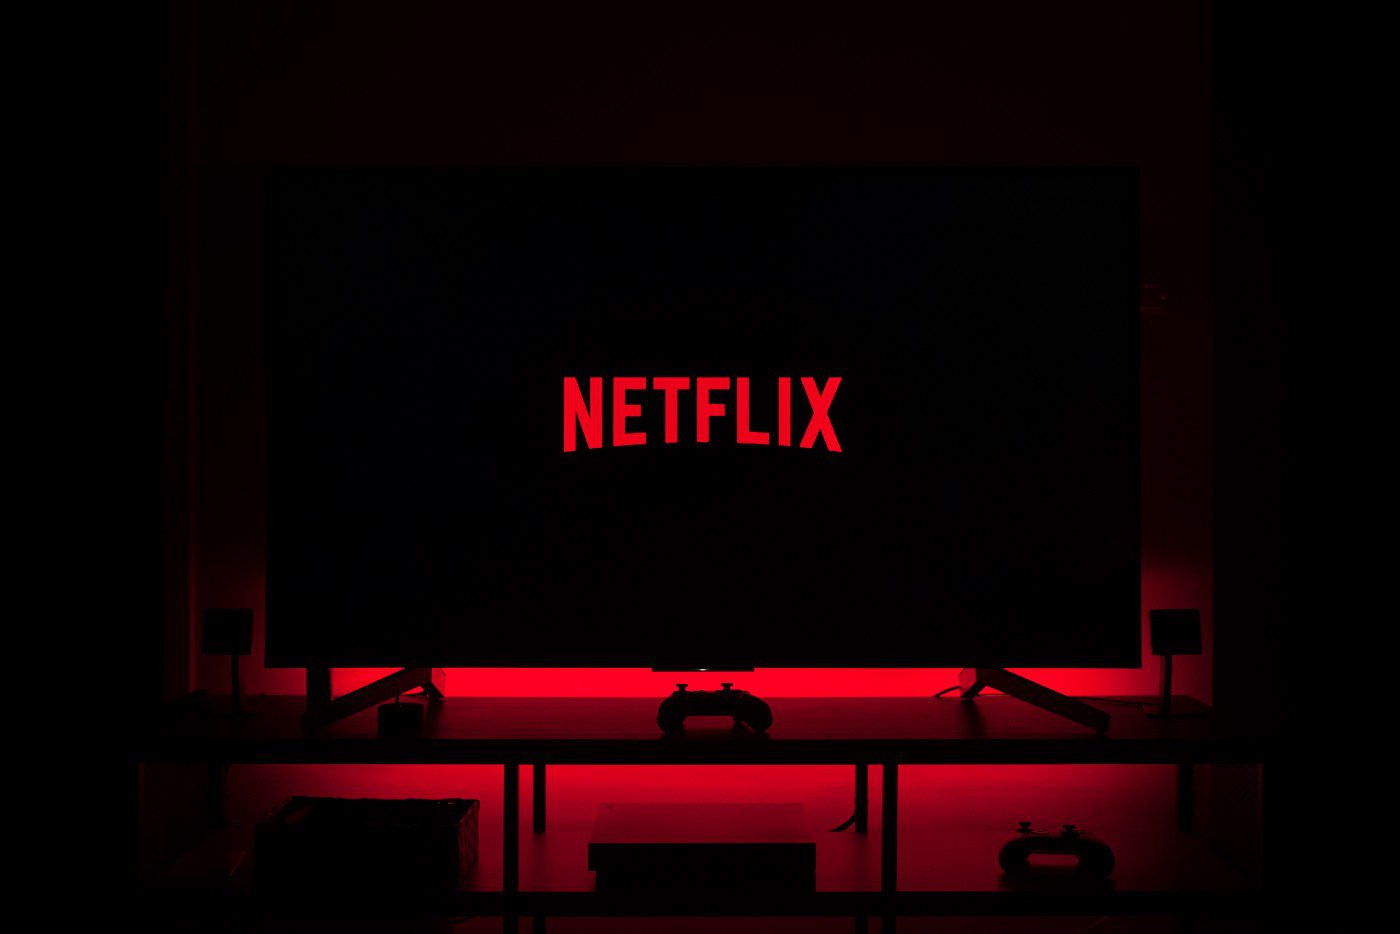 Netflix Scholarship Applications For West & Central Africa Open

^^^^^^^^^^^^^^^^

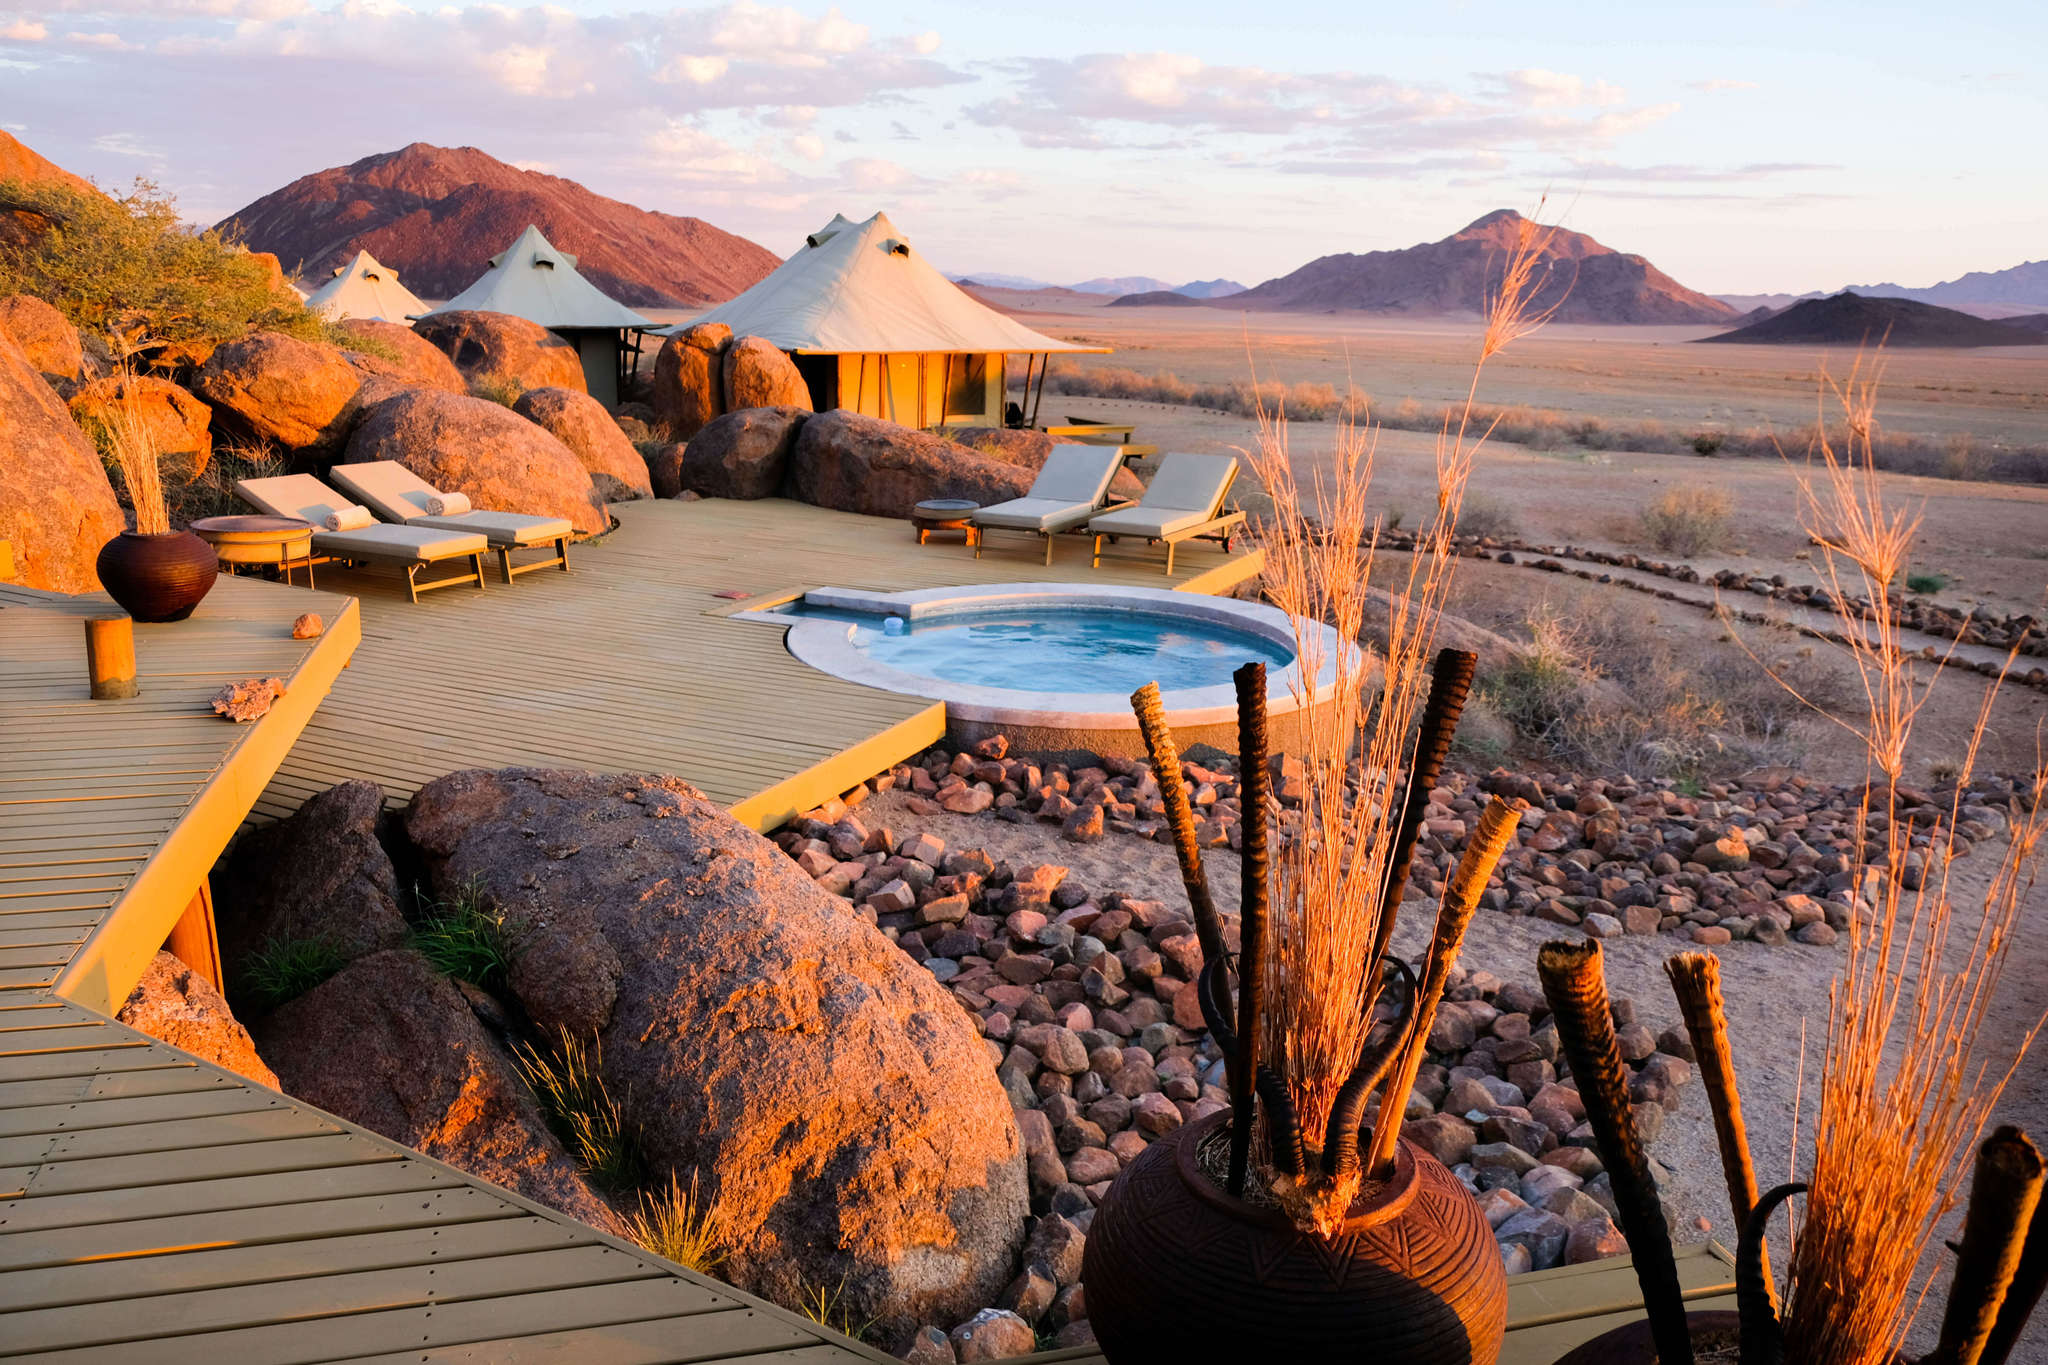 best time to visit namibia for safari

^^^^^^^^^^^^^^^^

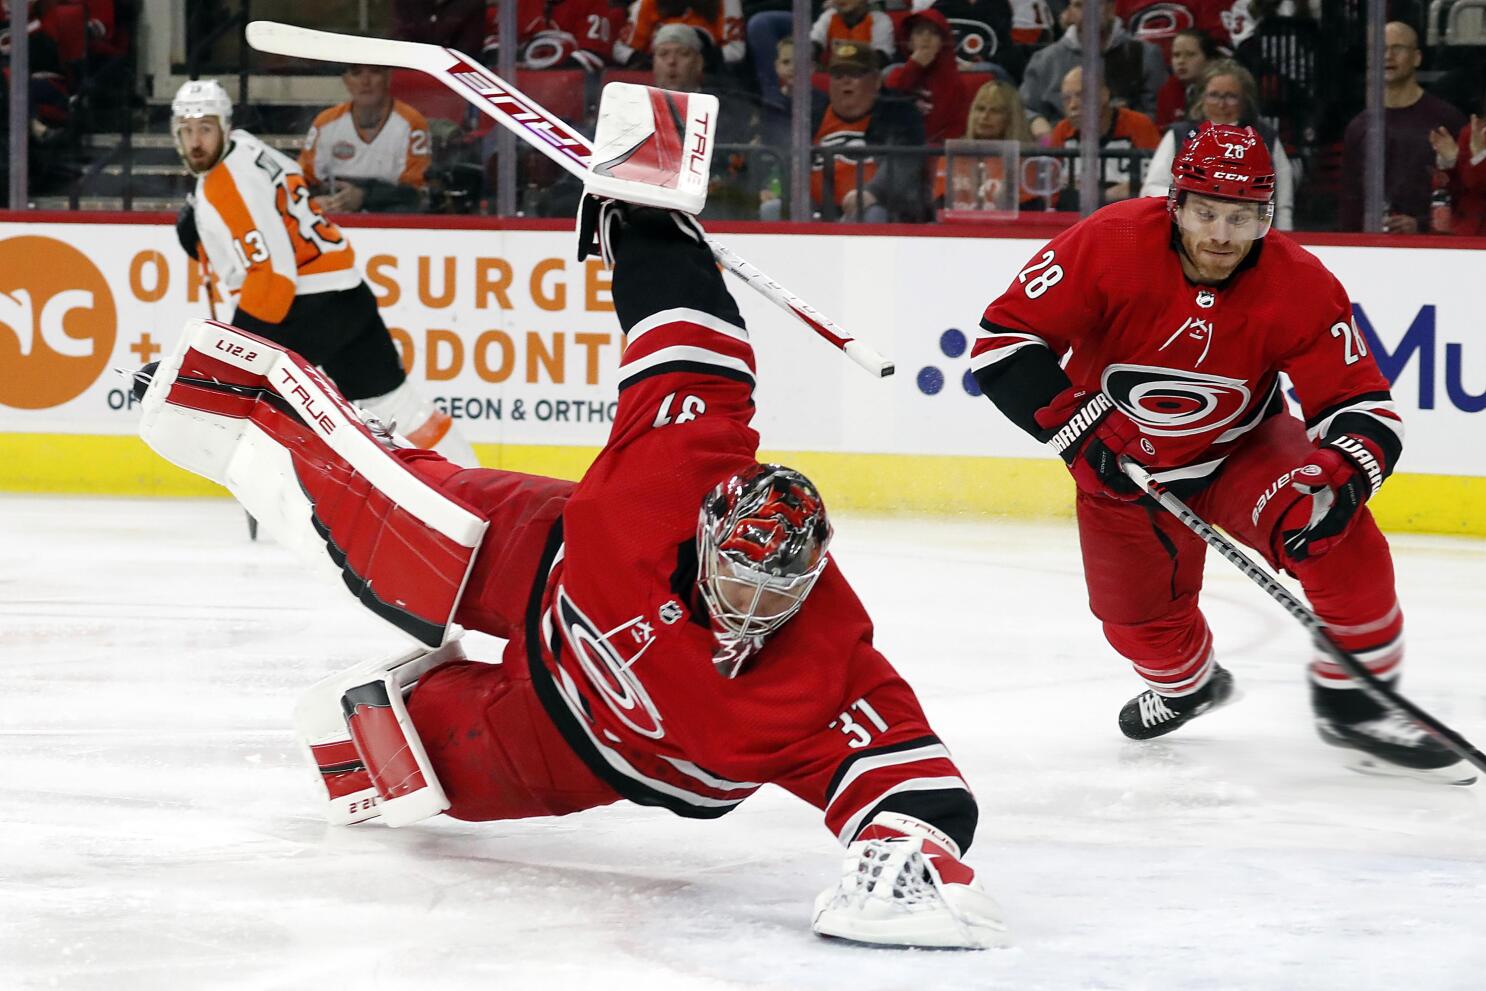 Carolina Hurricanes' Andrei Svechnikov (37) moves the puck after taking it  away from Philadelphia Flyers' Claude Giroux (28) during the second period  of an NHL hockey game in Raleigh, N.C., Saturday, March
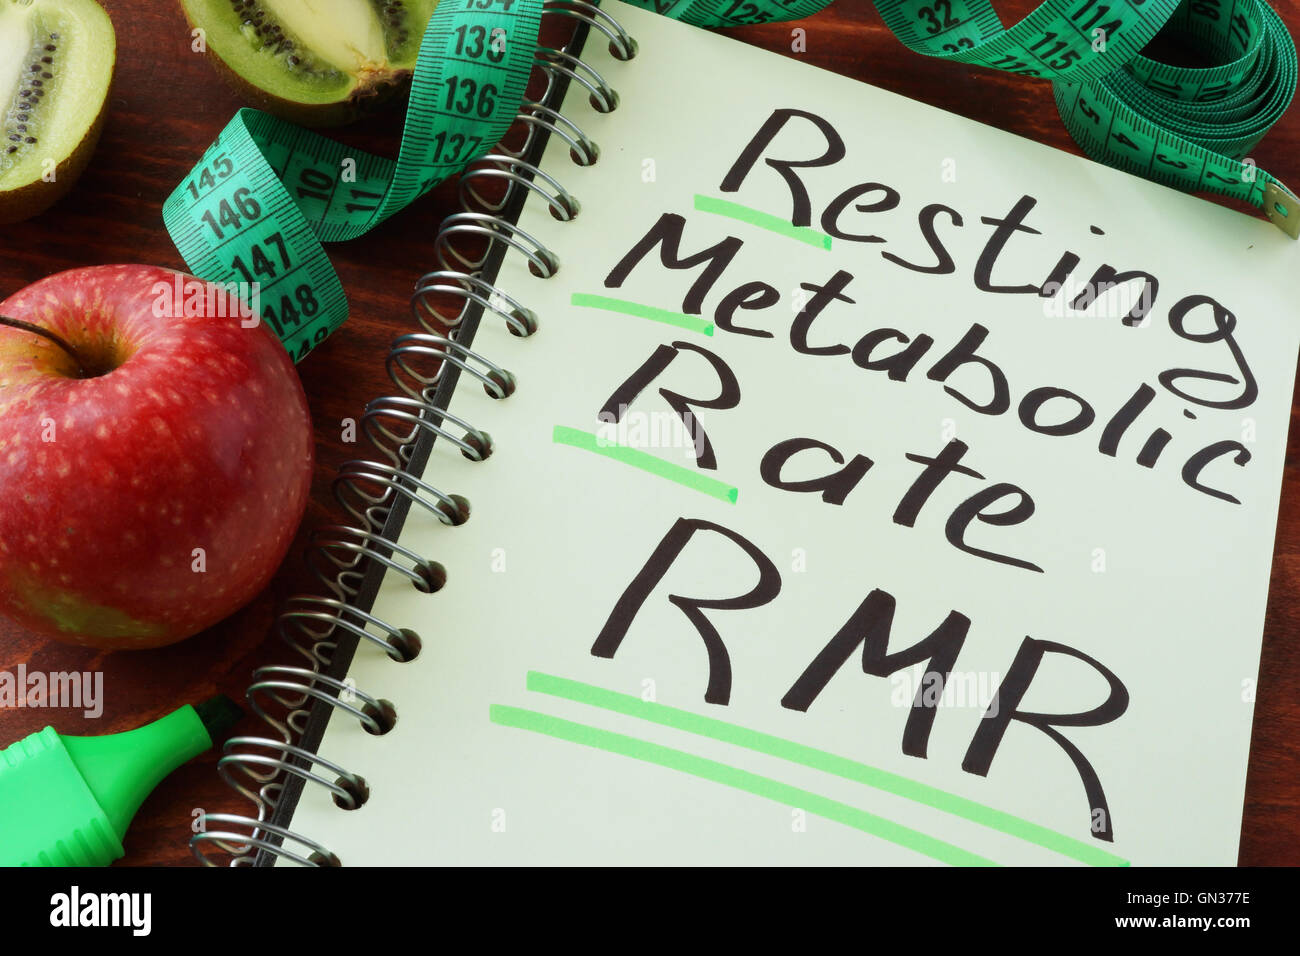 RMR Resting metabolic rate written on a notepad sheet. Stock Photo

^^^^^^^^^^^^^^^^

Copy exactly, without pictures, the lines above from the one with "Carolina Hurricanes' Andrei" down to the one with "RMR Resting metabolic", inclusive.

- RESPONSE AREA -
 Carolina Hurricanes' Andrei Svechnikov (37) moves the puck after taking it  away from Philadelphia Flyers' Claude Giroux (28) during the second period  of an NHL hockey game in Raleigh, N.C., Saturday, March
 RMR Resting metabolic rate written on a notepad sheet. Stock Photo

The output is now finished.